# 68 Stingray



## schwinnguyinohio (Sep 8, 2019)

My daughter located me this one today , always on her phone but guess it paid off this time ! Original bike down to the tires


----------



## bficklin (Sep 8, 2019)

Very Nice [emoji106].


Sent from my iPhone using Tapatalk


----------



## mrg (Sep 9, 2019)

Should clean up nice, but all the 68's Deluxe's I've had still had the earlier guard & sprocket?, 69 model maybe?, what month?


----------



## schwinnguyinohio (Sep 10, 2019)

Yes , end of the year (dec)stamped frame with 69 parts


----------



## mrg (Sep 10, 2019)

Ya, my Nov. 67 Violet Deluxe came with a 68 Deluxe silver strip seat that some say is wrong but I think is correct.


----------



## Landarts (Sep 10, 2019)

Nice score, always liked that color.  Should shine up real nice!


----------



## schwinnguyinohio (Sep 17, 2019)

Clean up in work


----------



## schwinnguyinohio (Sep 20, 2019)

After a little clean up , I did swap the Schwinn white walls over to a more deserving bike


----------



## bficklin (Sep 20, 2019)

I like the white walls [emoji853][emoji853][emoji853].

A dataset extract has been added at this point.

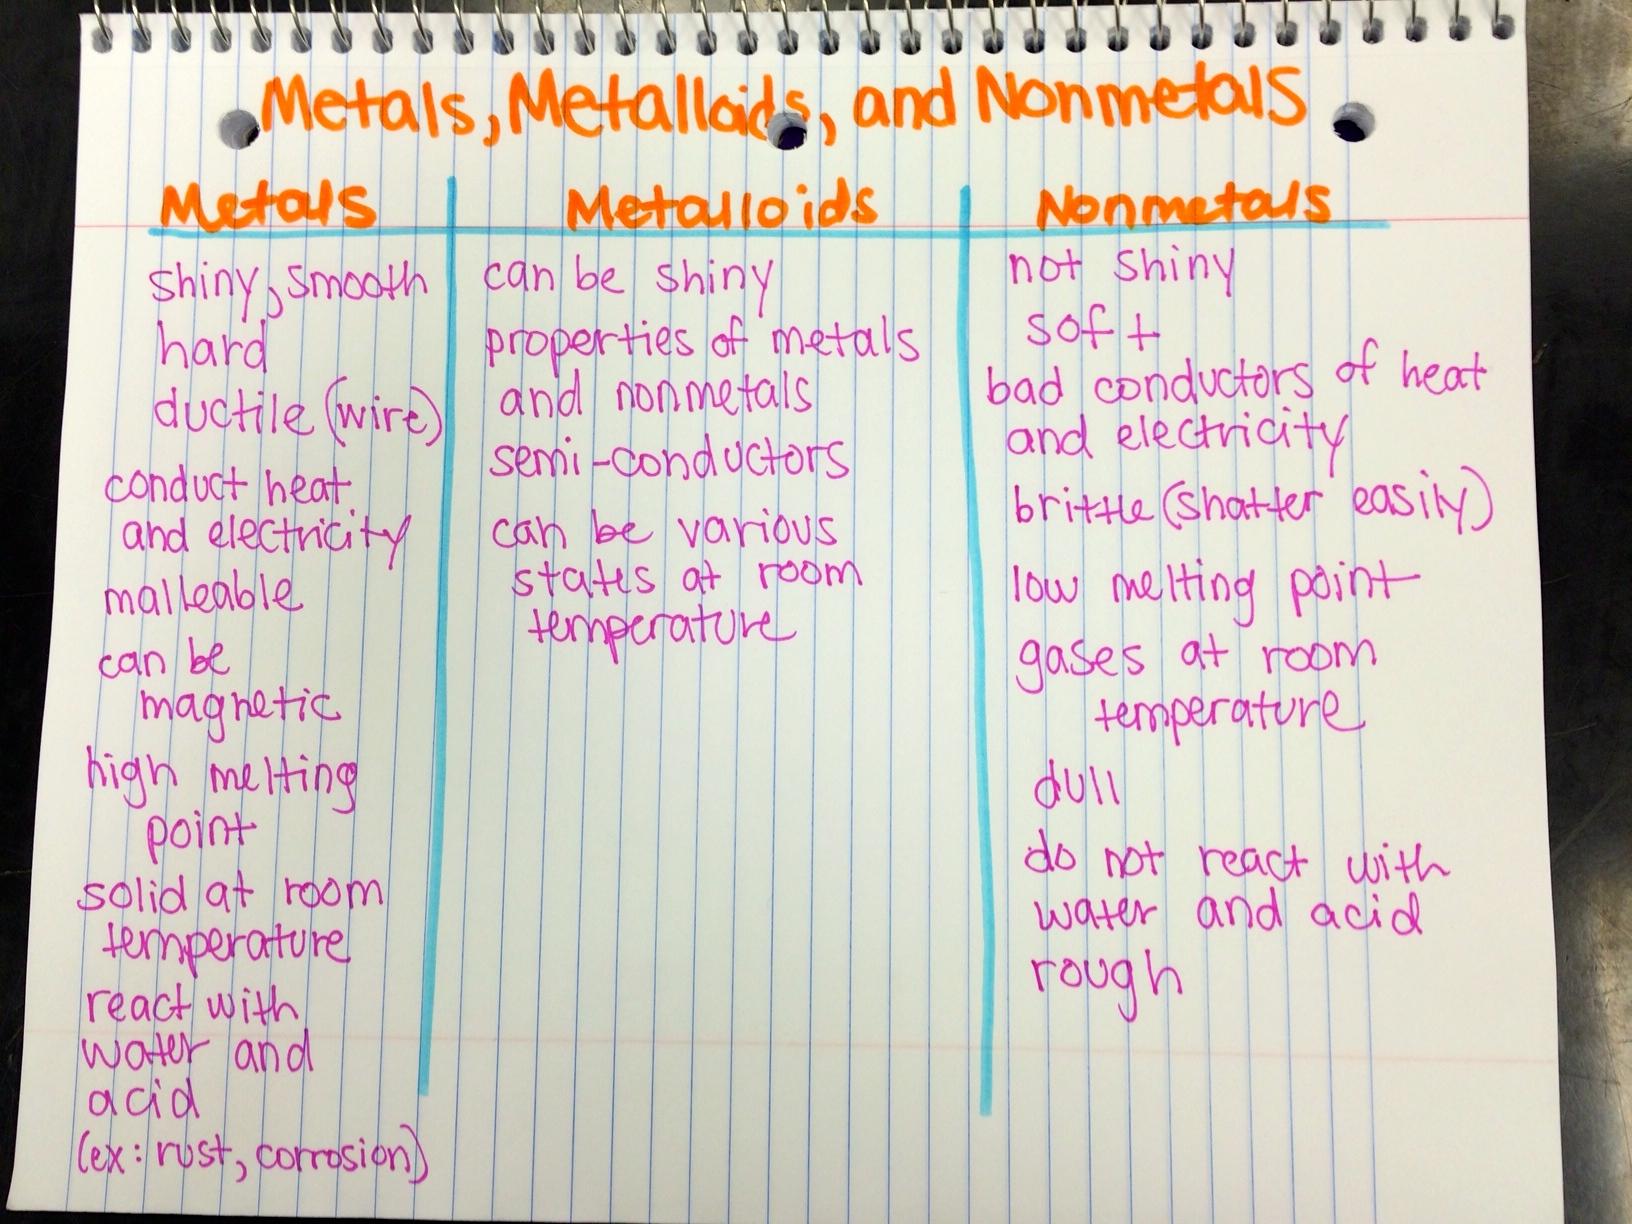 Properties Of Metals Metalloids And Nonmetals
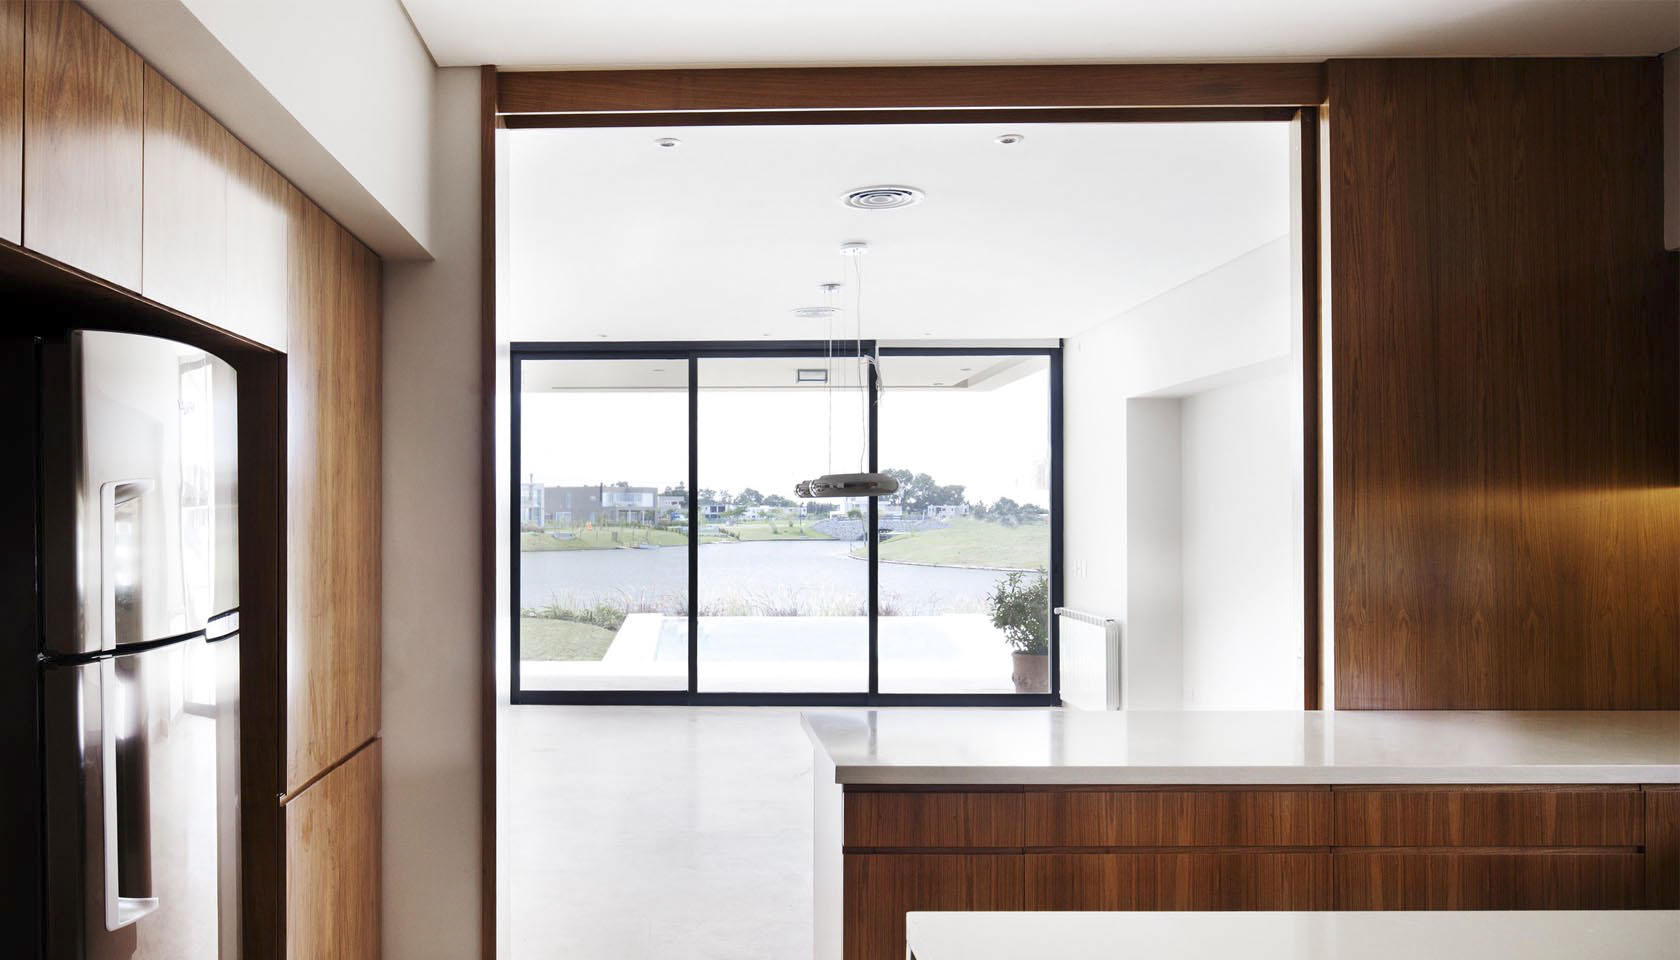 interiores cálidos, diseño de cocinas, cajoneras de madera en cocinas contemporáneas

Sent from my iPhone using Tapatalk


----------



## schwinnguyinohio (Sep 20, 2019)

Yea I put them on one with better paint and has kickback


----------



## spitshineschwinn (Sep 20, 2019)

Great job on the clean up. The Stingrays with the 46 tooth mag sprocket and slightly longer cranks are the only models that can be ridden by a grown man, IMO. Even then you have to still have somewhat of a youthful hiney to make it work. Come to think of it, I guess that's true of a lot of Schwinn bikes!


----------



## bficklin (Sep 20, 2019)

Nice [emoji106] 


Sent from my iPhone using Tapatalk


----------



## Goldenrod (Sep 20, 2019)

It found the right home.


----------